His earliest work - before Horton - was rich but dark, heavily impasted, the imagery that he was working towards not consistently or clearly expressed, as one would expect. I am convinced that it was Yorkshire, the breadth of its uncluttered views, the clarity of its hill forms, the bird life and flowers, that cleansed his palette, his life, and his spiritual being.

Until the mid-1960s, it was merely the summers that he spent in Yorkshire. By then his second son, Benjamin, had been born, in 1958, and Adams had been appointed Head of Painting at the Manchester College of Art. In 1970, following his dispute over the direction being taken by colleges of art, he resigned his post to live permanently in Horton.

There was also his first visit to the Outer Hebrides in 1963 ("the most beautiful place I've ever seen", he said) and trips to Italy in 1966 and 1967. These experiences lightened his art and spiritual outlook still further.

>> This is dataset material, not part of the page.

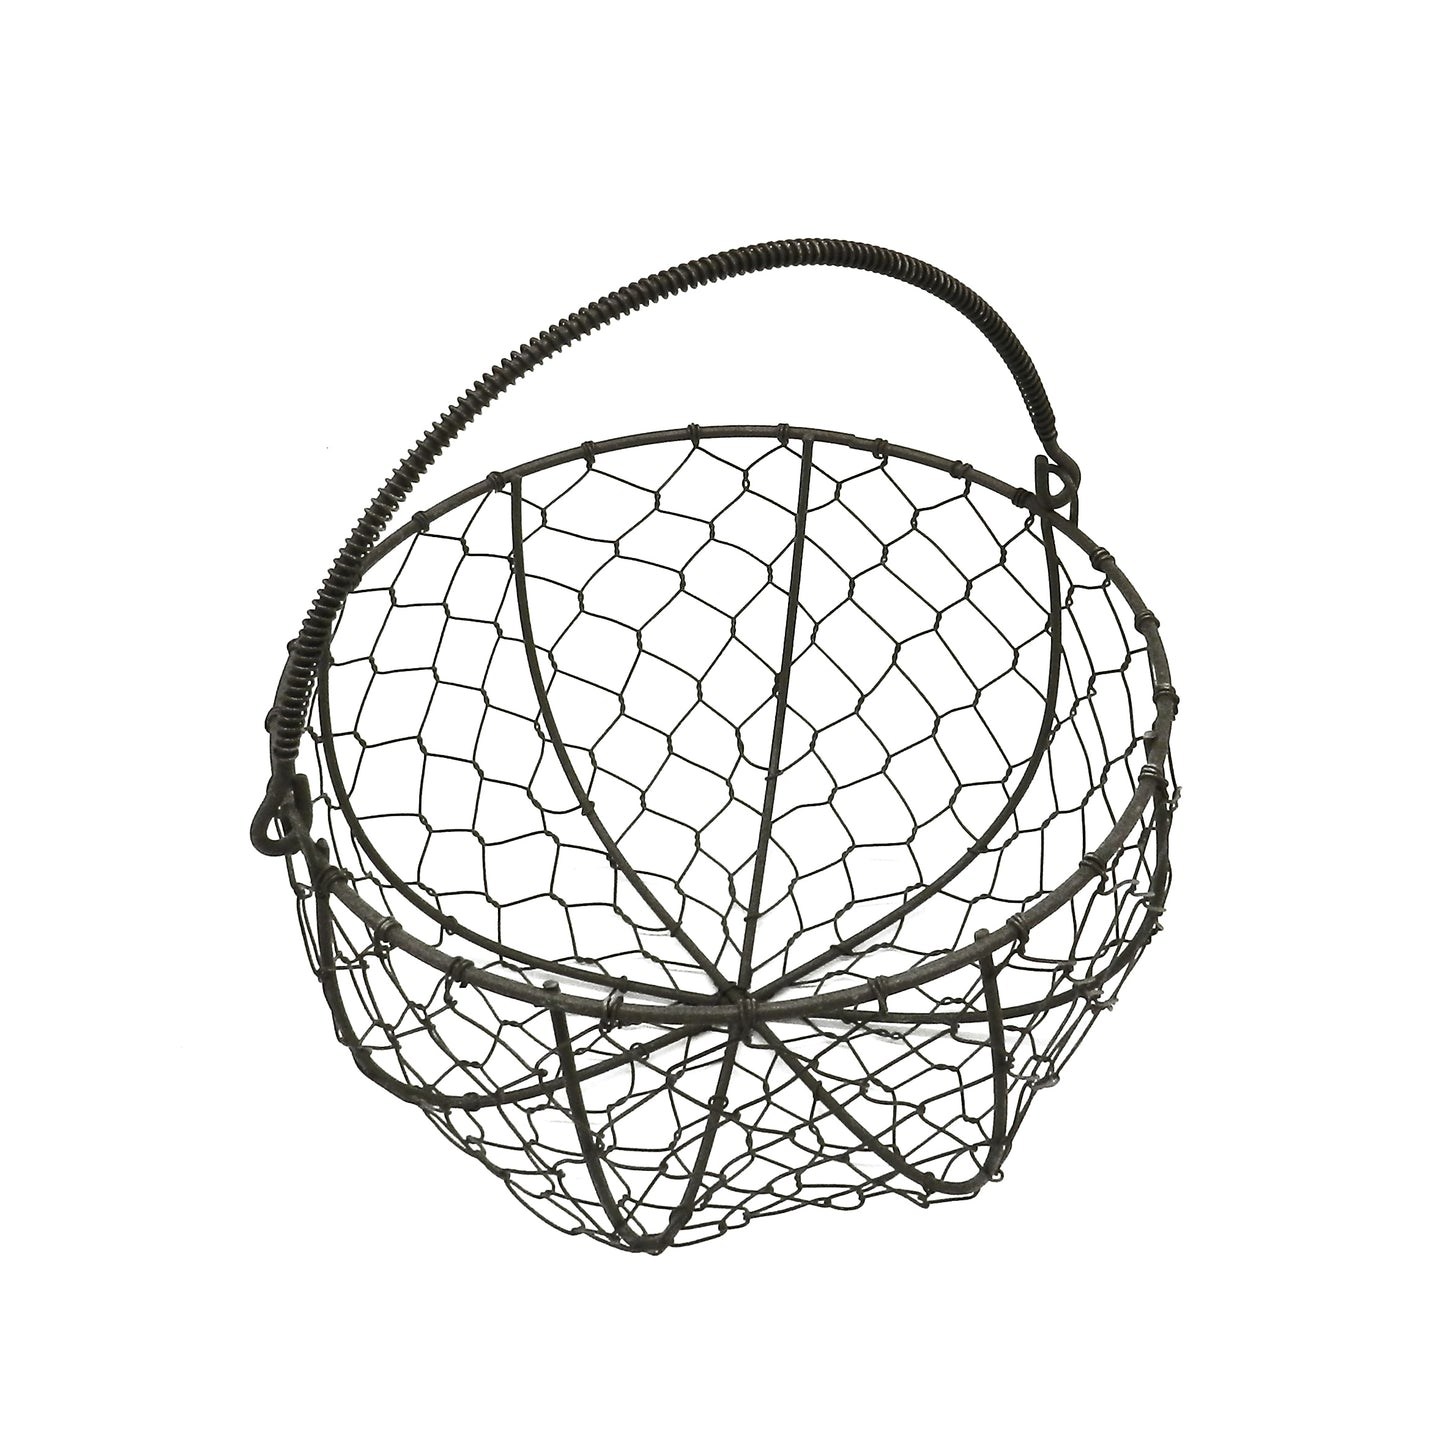 CVHOMEDECO. Round Metal Wire Egg Basket Wire Gathering Basket with Handle Country Vintage Style Storage Basket. Rusty, Dia. 8 X H 4.75 Inch

The Adamses bought a small house - a "shieling" - on the tiny Hebridean island of Scarp in 1969, visiting there over the following 10 years.

None the less, it was fundamentally Yorkshire that charmed out of him the side of his art that the majority find most appealing: the small watercolours that he produced in abundance, like leaves from a tree, throughout his career from the 1960s onwards. They are rapidly produced glimpses of nature, in Provence, Yorkshire, or the Hebrides (Adams was quite a traveller), of seas and olive groves, grasped in transience which nevertheless seem more than mere notes of a time of day or season - they are rooted in wider concerns.

To produce no more than these small "visual songs" could never completely satisfy an artist whose whole life was devoted to art. A few months before his death Adams spoke of Mathias Grünewald: "His great altarpiece at Colmar, in the Alsace, and the Arena Chapel paintings by Giotto, in Padua, are the greatest things I know and have always been an inspiration to me."

Norman Adams's more ambitious works seem to many to be too heavily and self-consciously designed. A troubling sense of the academic haunts them. This is pointed up by the academic jobs that he took - the prestigious professorship of painting at Newcastle University from 1981 until 1986 and, after being elected a Royal Academician in 1972, the post of Keeper of the Royal Academy from 1986 until his retirement.

He therefore moved back to London, with returns to Yorkshire until ill-health made them impossible. It is in Butts that I most vividly remember him. The (relatively) large studio that he built would be booming across the fields the music of Wagner or Bruckner. It was the stimulus to his creative ambition - but also a territorial claim, like the song of a blackbird or thrush. When I last met him there he was very frail and almost transparent; the studio itself was like a nest. Within the outer shell, or tree - if you like - of the outstretching music, he had constructed an inner sanctum from a tight circle of large oil-paintings on their easels.

Somewhat like Turner, one of the artists whom he most admired, Norman Adams lived an astutely conducted public and social life, balanced by an especially private one in his studio. This double life was, perhaps, emblemised in the axis of his work, on the one hand the big canvases and public commissions, on the other hand the small watercolours that place him among the finest English artists of his time. It was in his final years that he brought these two parts together, in a series of huge watercolours.